I am quite passionate. And by this I mean in matters political. Since November 3, I have been on the verge of taking to the street and bringing the Temple down on the Khakis, the modern equivalent of Philistines.
But I haven’t done that. Not because I lack courage. No sir, my cup floweth over with it and no, Courage is not a brand of single malt, though I wish it were. The reason I haven’t taken to the street is because I am to be the ‘mind’ of the movement against oppression. This is not a medieval fight where generals led from the front; in modern combat, the front is the ops room in the rear. Plus, the contested zone requires foot-soldiers.

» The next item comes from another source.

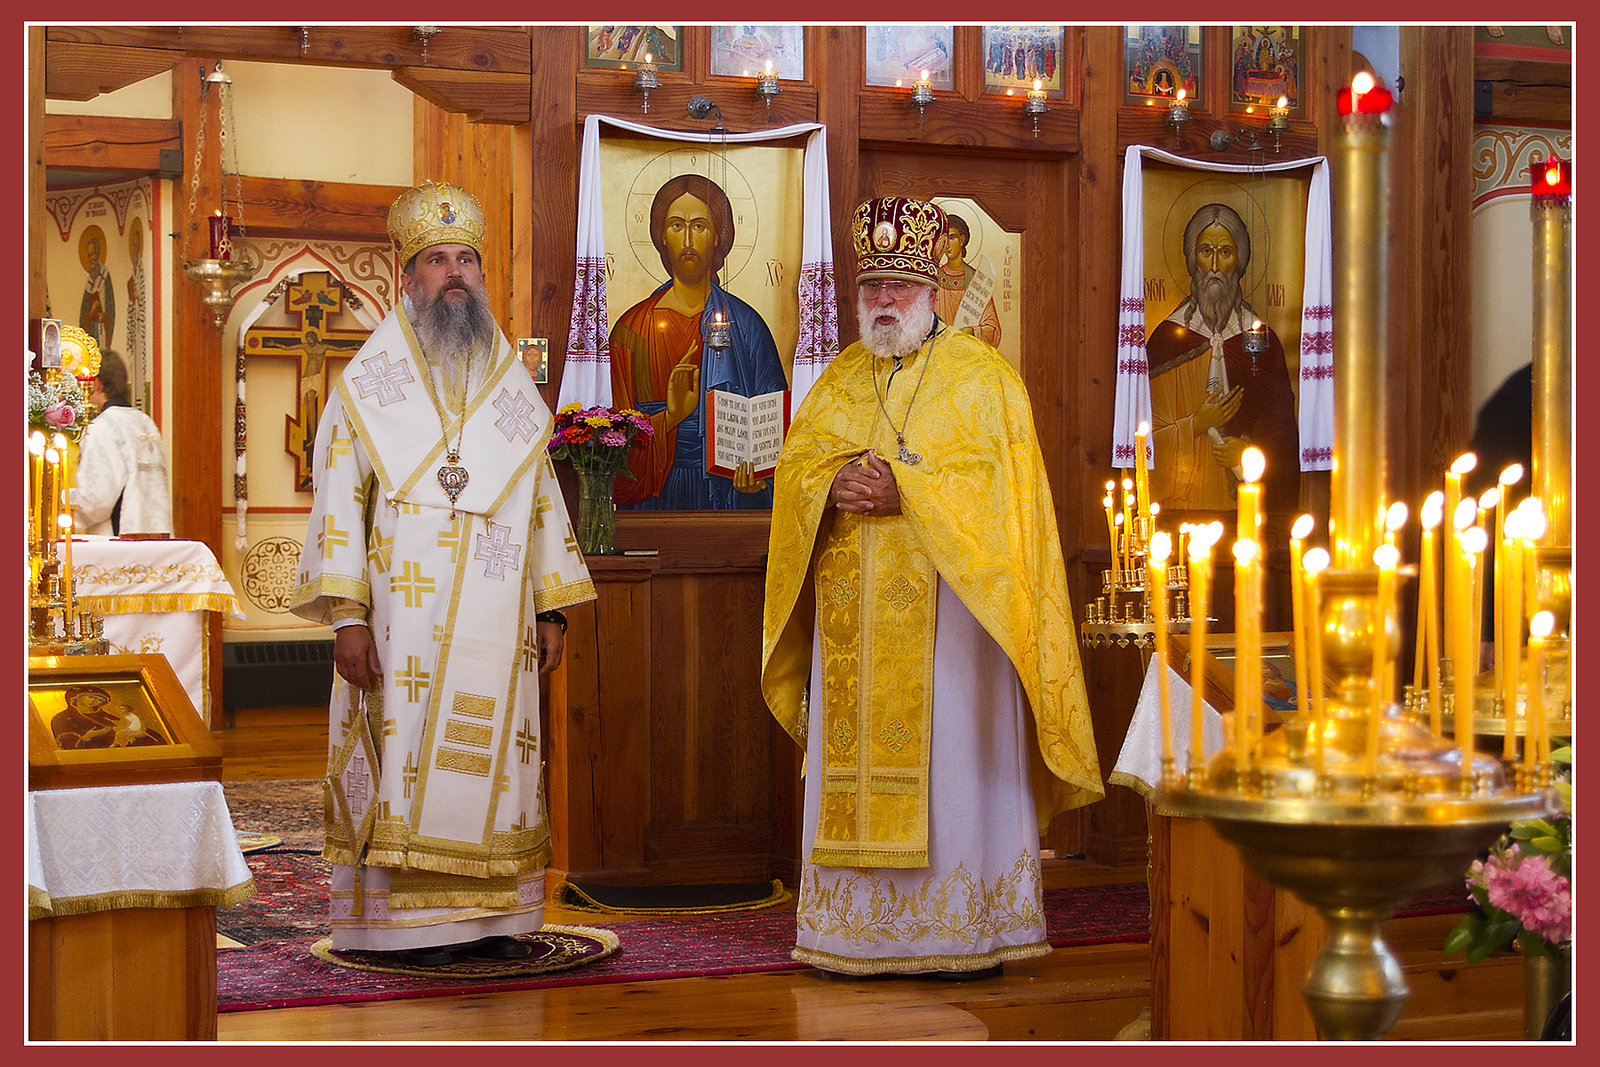 VIDEO: Bishop Benedykt of Lviv at St. Elias Church Ukrainian Catholic Church

And don’t you dare think I am the Orsino of revolutions, more in love with the idea of revolution than perpetrating one. That would be too harsh a judgement and a wrong one too. It’s just that if I were to give vent to my fury and take to the street, the vulgar functionaries of the government would not be able to appreciate the difference between a thinking revolutionary and a fighting one.
I am Jean-Paul Sartre. I know that violence like Achilles’ lance heals its own wounds, but that is no reason for me not to keep a safe distance from it. In any case, this is an intellectual discovery. It will be outrageous to want to see a thinker becoming a guinea pig for his own theories.
There are thousands who are useless and whose energies can be diverted towards the task of overthrowing an oppressive regime. They cannot think; they do odd jobs. They will never be able to achieve anything. It is my calling to instil a new consciousness in them. They shall be remembered. I will even write a book, fraught with new formulations, one that will be picked up by the departments of sociology and political science across the world as a classic on socio-political movements.
Why must I present myself on the street to the black-and-tans, who will have no regard for my intellect, and let the world lose an asset? Also, who would enlighten the elites at dinners? If I were put in jail, I would also be deprived of the many necessities of life that are essential to my well-being. It should be obvious that unless I feel good and satiated I cannot think. That would hurt the revolution.
There is the morning cup of tea. It’s an old Bertie Wooster habit without which I cannot begin my day. The cup is brought me by the local variant of Jeeves. It takes me time to get up, sip the tea and read through the morning newspapers. I am also rather finicky about my bathroom. I spent more money per square foot on it than on any other part of the house. Latest research has also found a strong linkage between thinking and crapping. So a decent bathroom becomes essential to deep thinking. I am told the jails don’t put much premium on bathrooms. Going to jail would then mean not being able to think and that would only delay the advent of the much-needed political consciousness and its endpoint — a revolution.
I know Marx thought revolutions were a non-voluntarist phenomenon but he was wrong. You need a vanguard and you can’t have the thinkers in the vanguard go out and get arrested or worse, killed. Once the head is cut off, the movement will be akin to a headless chicken and we all know what a headless chicken does. It does nothing except go round in circles.
I also need to earn enough so I can keep thinking. I must come to office everyday. I need a nice car and a driver to drive me around and so on. Thinking is a full-time job and a sacred one. Comfort and thinking go hand in hand. Now unless jails were prepared to provide me with a suite, cable TV, laptop, books and other stuff to imbibe and regular outings where I could hold forth intellectually, I couldn’t be expected to write Prison Notebooks. I consider it a waste of time to invite myself to jail.
The point really is that I fervently want a revolution; want to test my theories; but I want others to get clobbered on the streets. Why must people insist that just because I know that only a new ‘political consciousness’ aka ‘revolution’ can make a difference I must also start one?